Apparently, I attempted to swallow a whale in my sleep last night. A whale wearing a sandpaper jacket.

And when I let out this groan of disbelief and anger, I woke up the headache.

Who called his friend, the fever.

Who invited the body ache over.

I mean…really?! REALLY?!

Right now?

This week?!

REALLY?!?!

…ugh…

I ended up working from home today…which was probably a good thing, because every time I start trying to move around I get kind of blech.

If I’d gone in, I probably would have needed to leave early.

Like, before lunch.

Which would be a criminal waste of a rather long commute, because I still have a few eateries on my mental checklist of places I’d like to go one last time before I leave the City by the Bay for an undetermined stretch of time.

Not that I could right now anyway…sore throats and eating don’t exactly play nicely together.

Argh.

I have to say: I do get a lot more done when I work from home.

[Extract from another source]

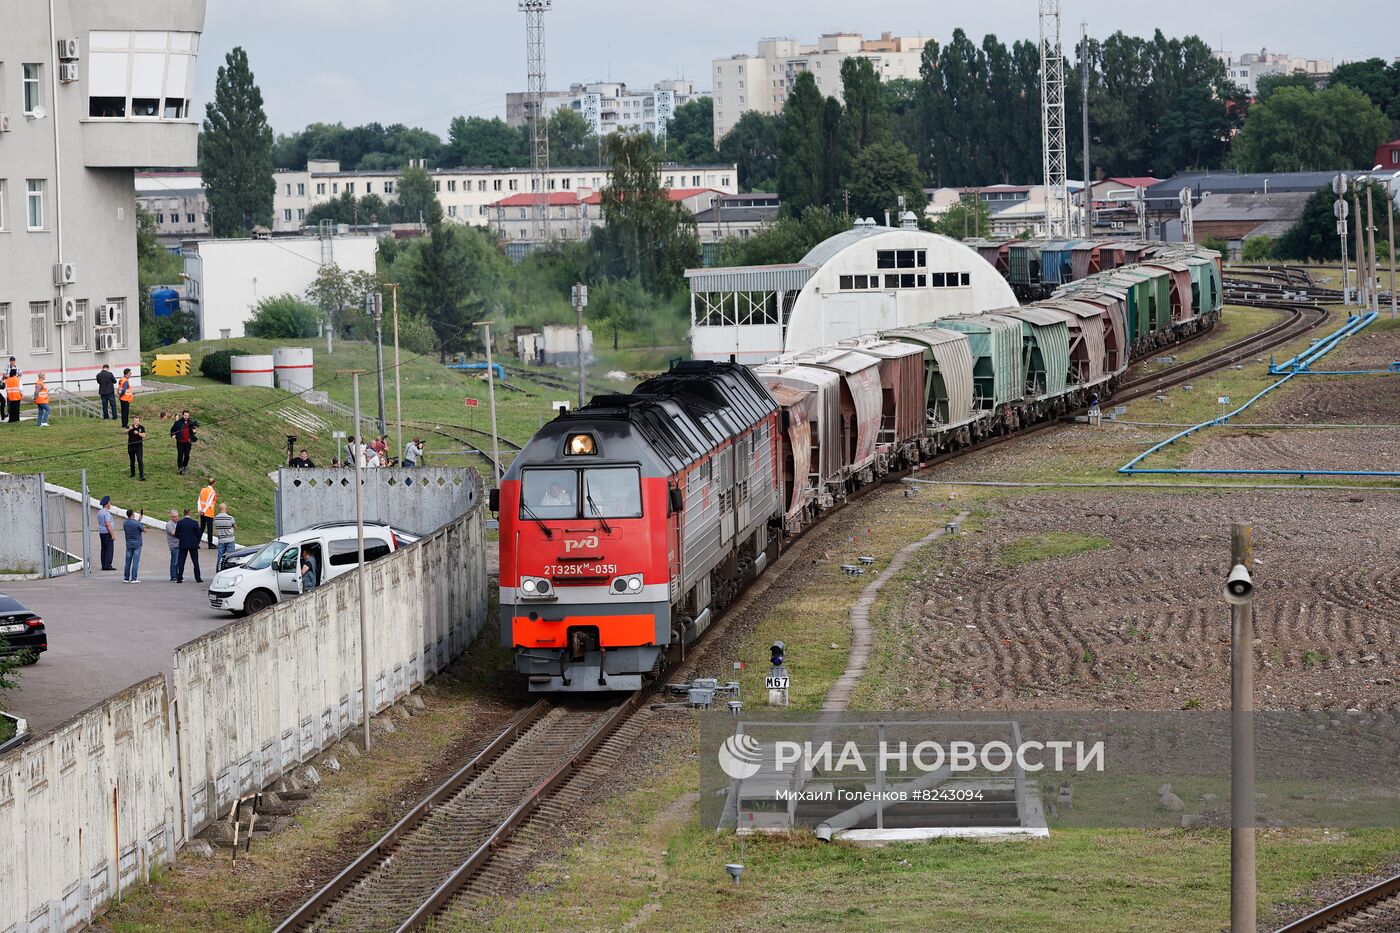 Первый поезд с цементом прибыл в Калининград через Литву

Even if there isn’t any baklava in the joint.

(Seriously, can you believe this?! I’m going to get a humdinger of a cold/flu thing NOW?! REALLY?!?!)

(But I’ve got news for it: I’m one extremely stubborn little code-jockey over here. I am finishing these last couple things, and I will go into the office tomorrow and Friday, and that’s all there is to it!)

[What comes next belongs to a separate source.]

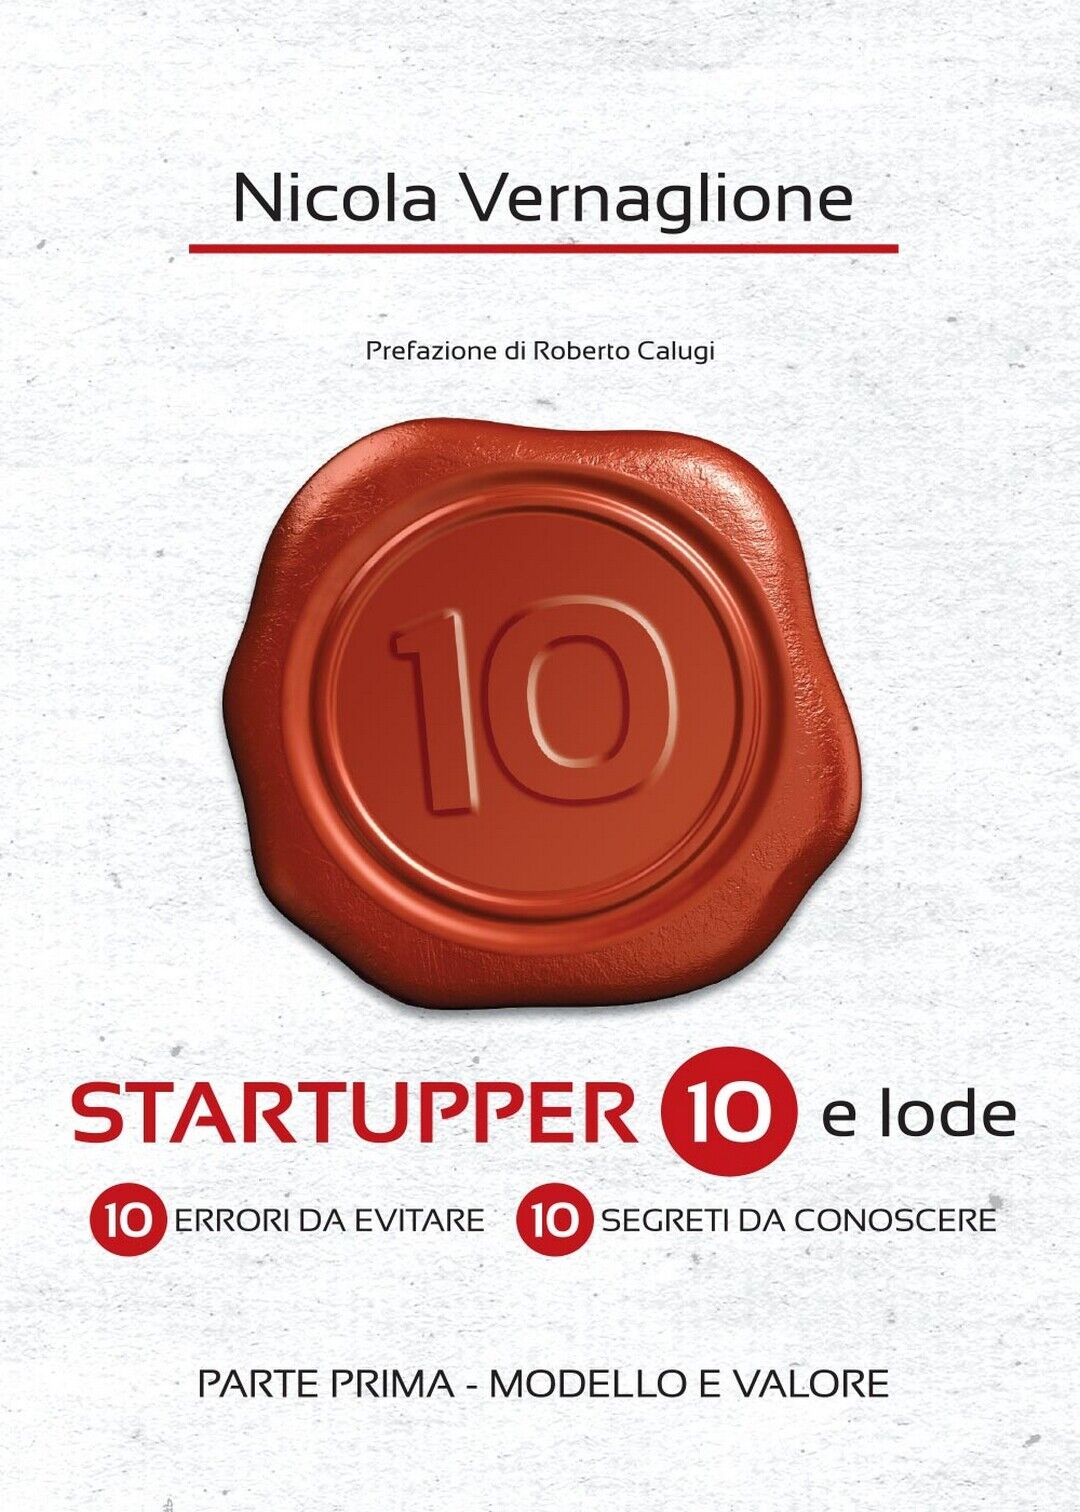 Startupper 10 e lode. 10 errori da evitare. 10 segreti da conoscere. PARTE PRIMA libro usato

(…but, geez louise…I don’t think I’m going to be feeling like going out to lunch, is the thing…waaaaaah, my life is haaaaaard…!)

Tuesday, March 27, 2012

Why I will miss these people, #341

OMG...just got back on the corporate wire and what is in my inbox?

A "meeting" on my last day...to be held at Artfibers. (Yarn store, people - a YARN STORE!)

YOU SEE WHY I WEEP TO LEAVE THEM?!?!?!

[weeps]

I don't wanna goooooooooo!!!!!!

(ALSO, where HAVE I been?! When did Artfibers move back to San Francisco, and why didn't they TELL me?!?! [more weeping] alas, the wasted hours...!)

(sent from my HTC)

It’s really VERY simple…

My manager asked me a simple question yesterday: Do you have any documentation on the OTHER stuff you handle?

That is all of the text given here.